> _Work task_
Do not include the pictures; repeat the rest of the data exactly.

··· Data segment

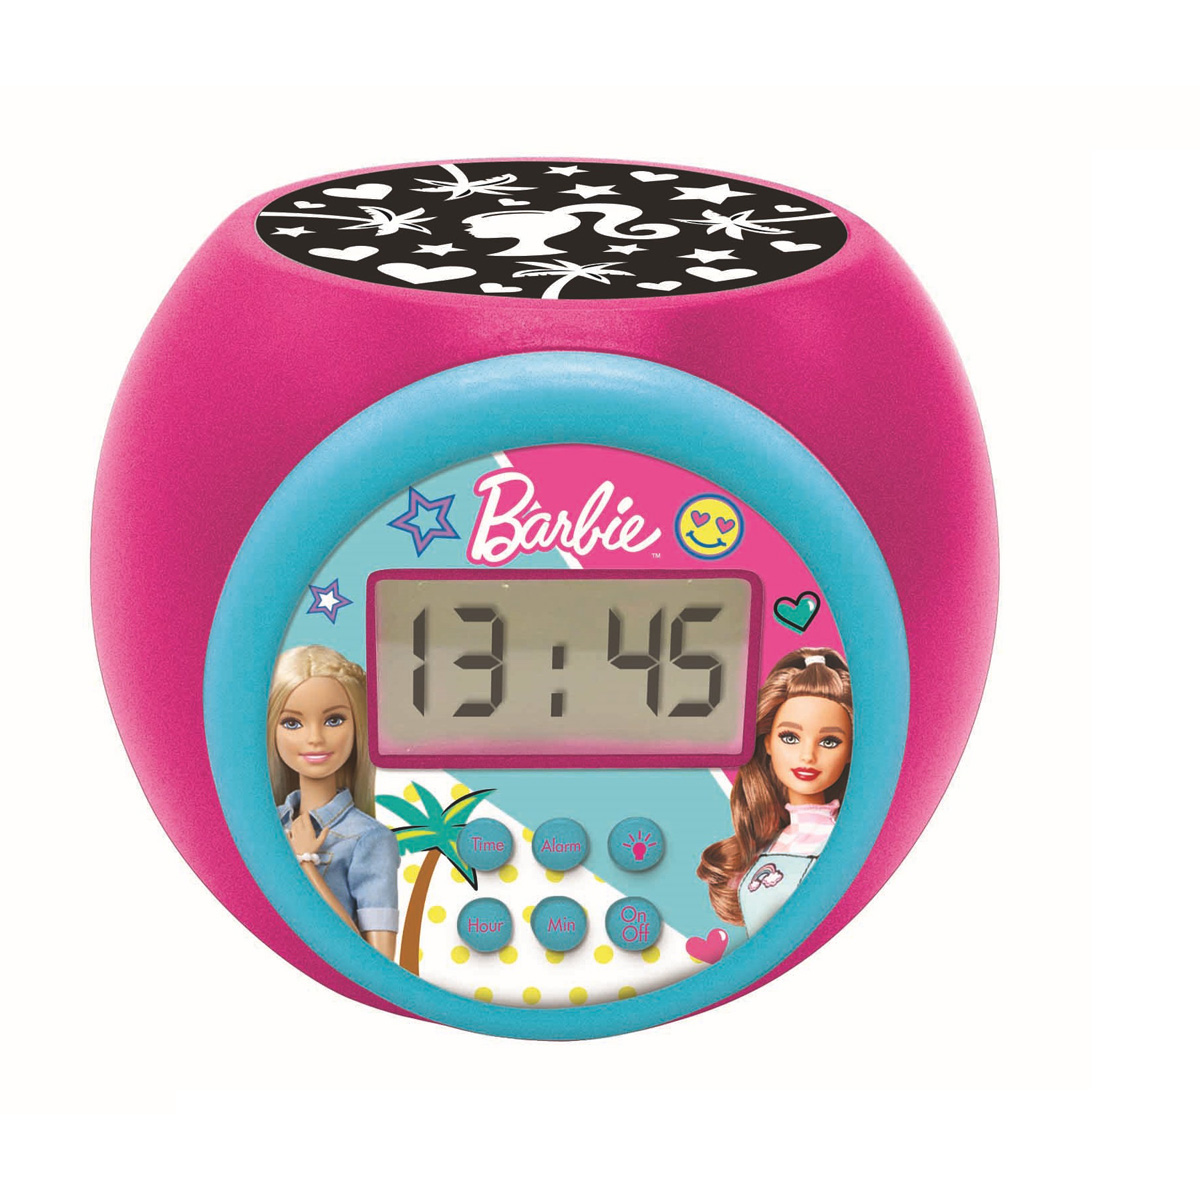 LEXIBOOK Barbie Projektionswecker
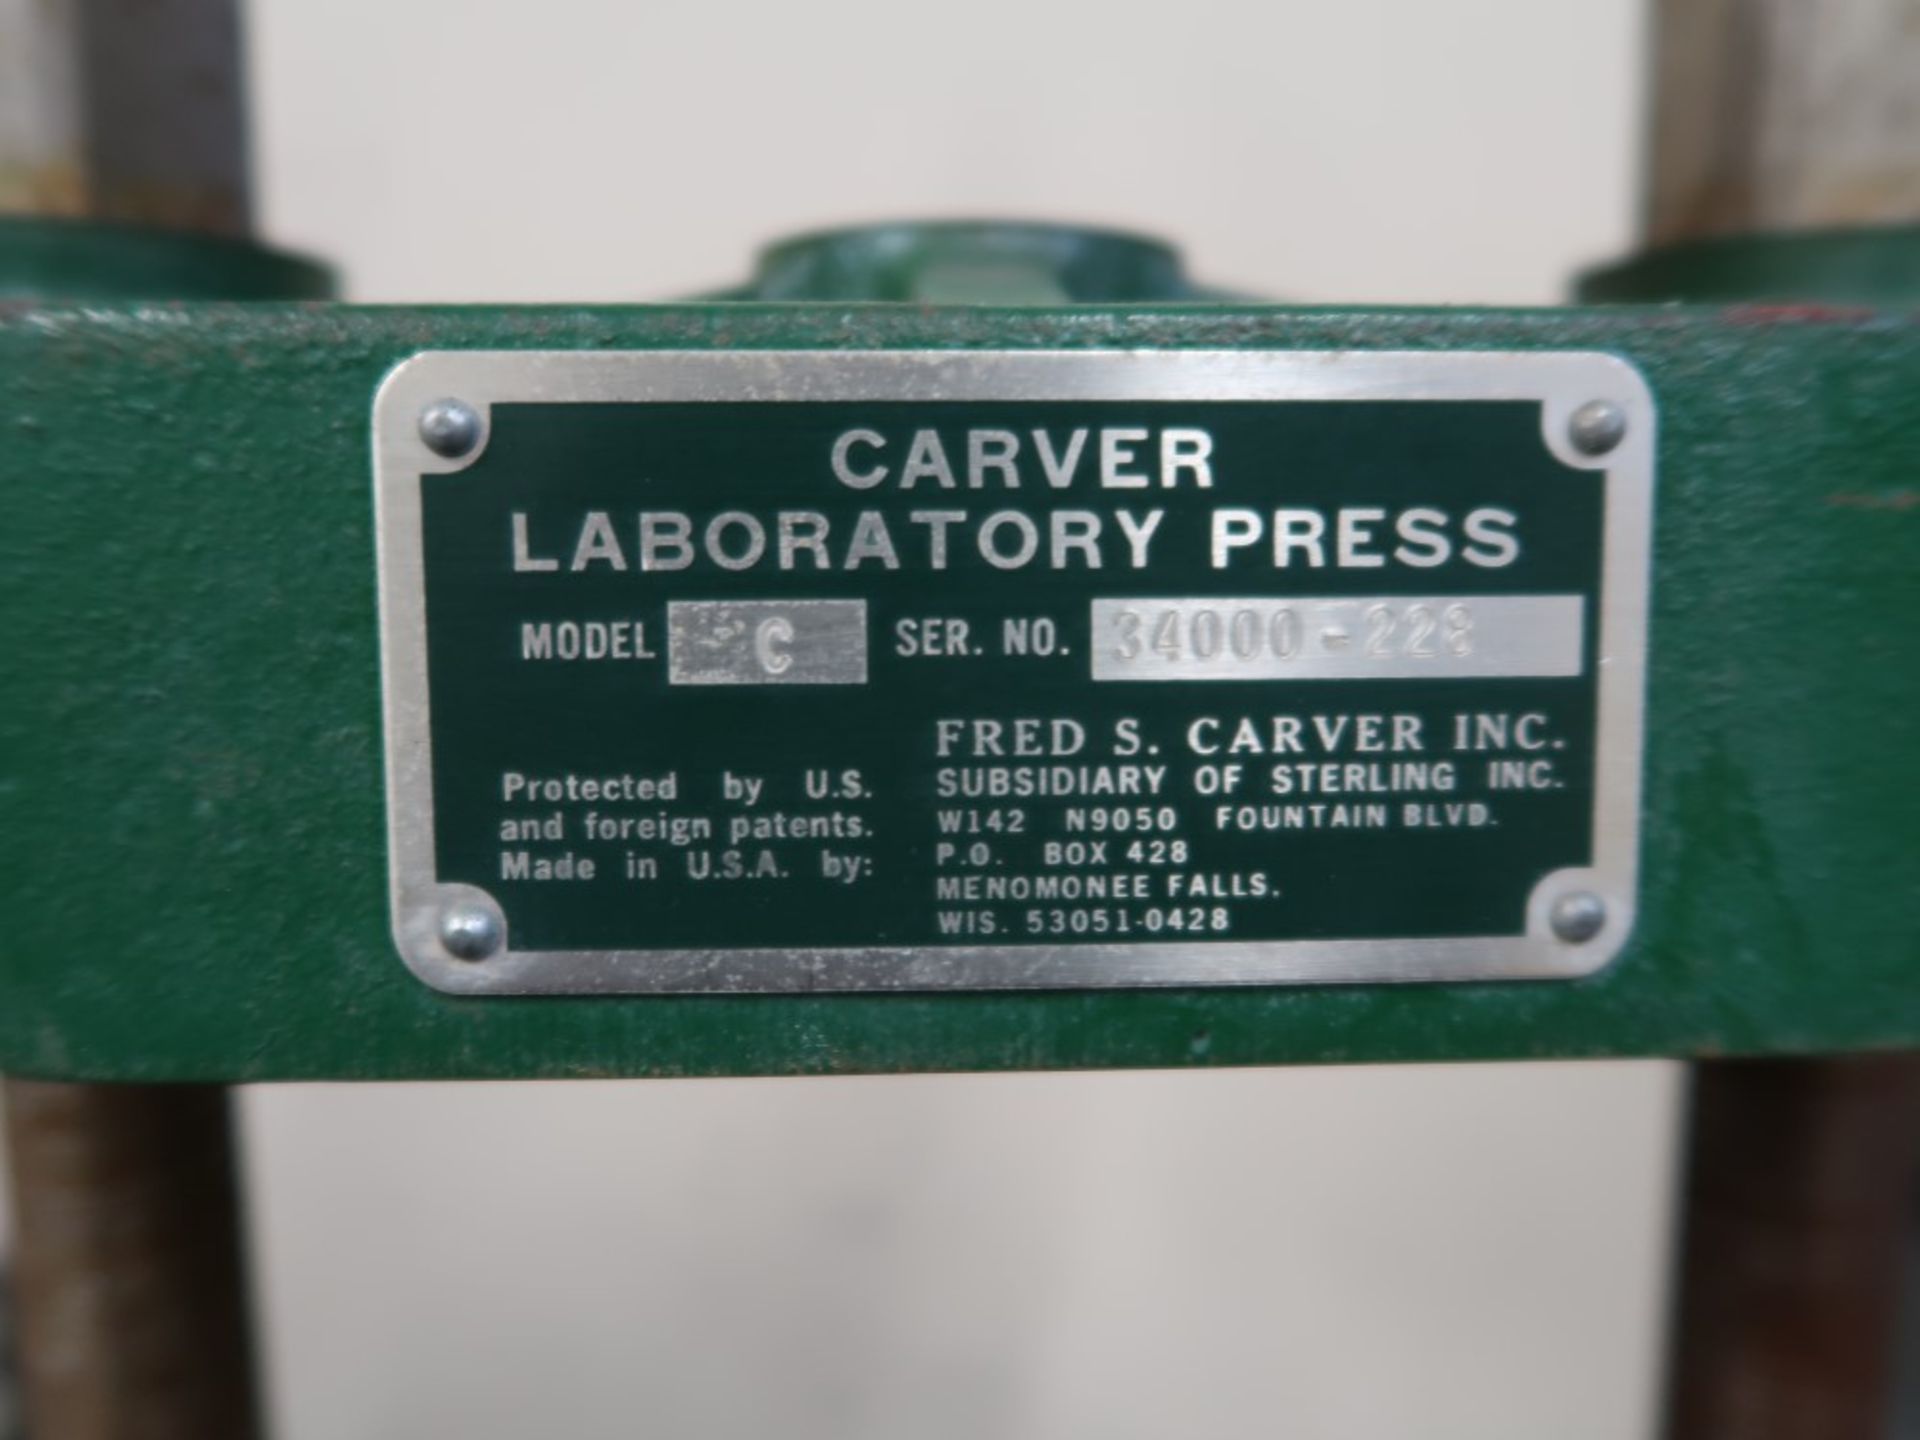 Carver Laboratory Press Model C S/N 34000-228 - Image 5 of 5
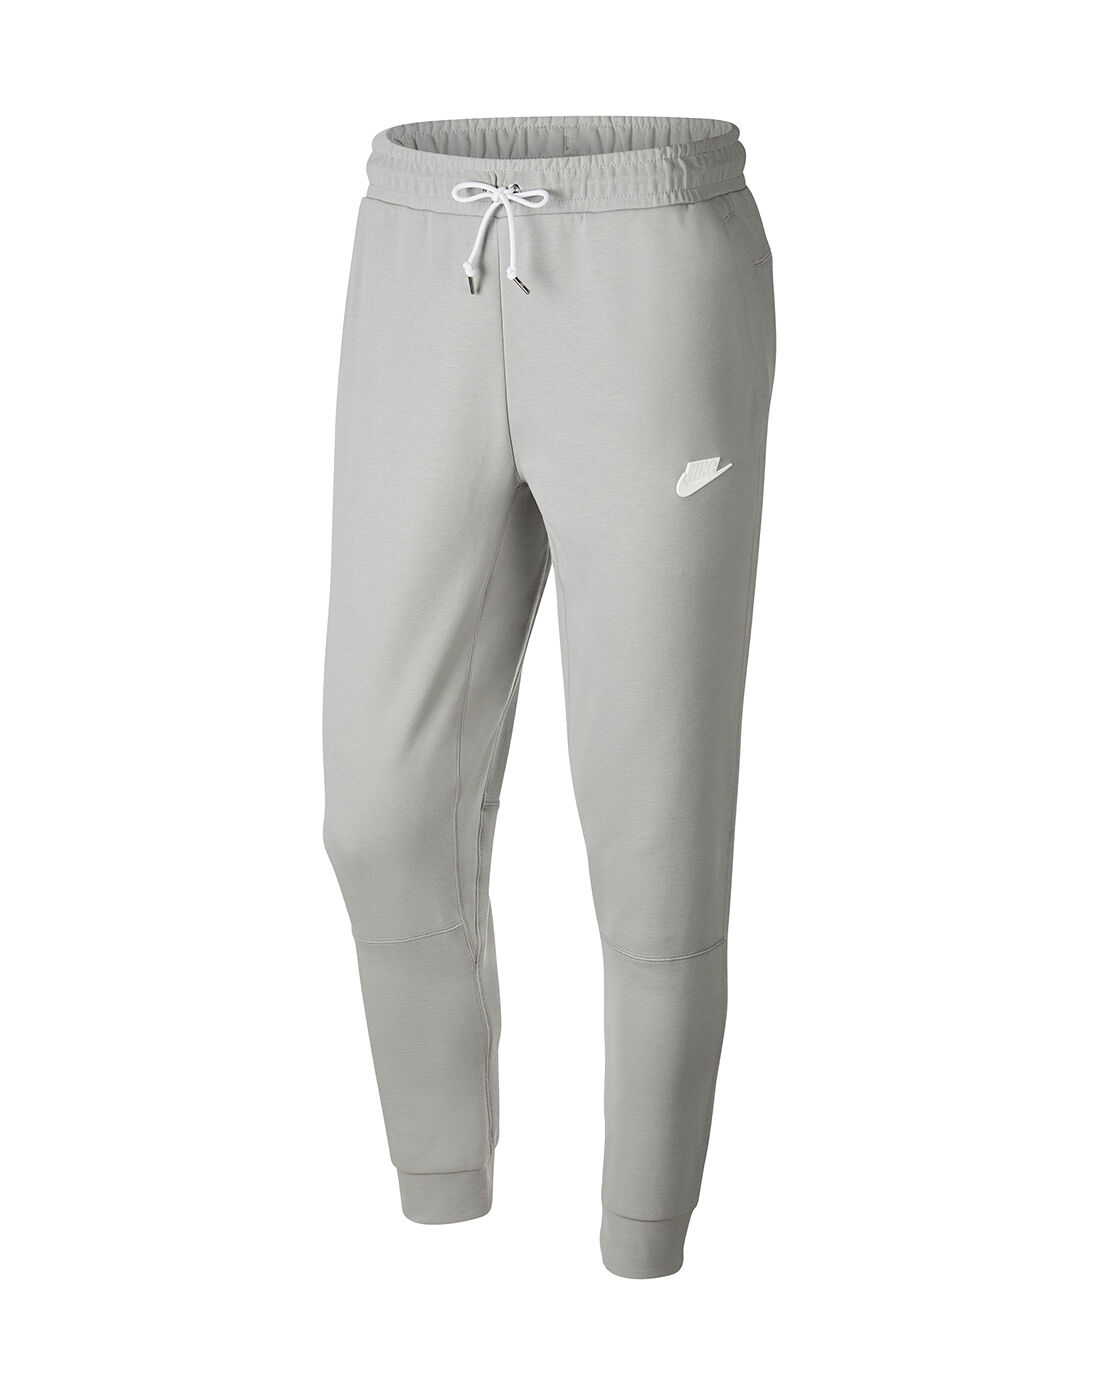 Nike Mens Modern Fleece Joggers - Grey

······

> _Task response_
 LEXIBOOK Barbie Projektionswecker
 Carver Laboratory Press Model C S/N 34000-228 - Image 5 of 5
 Nike Mens Modern Fleece Joggers - Grey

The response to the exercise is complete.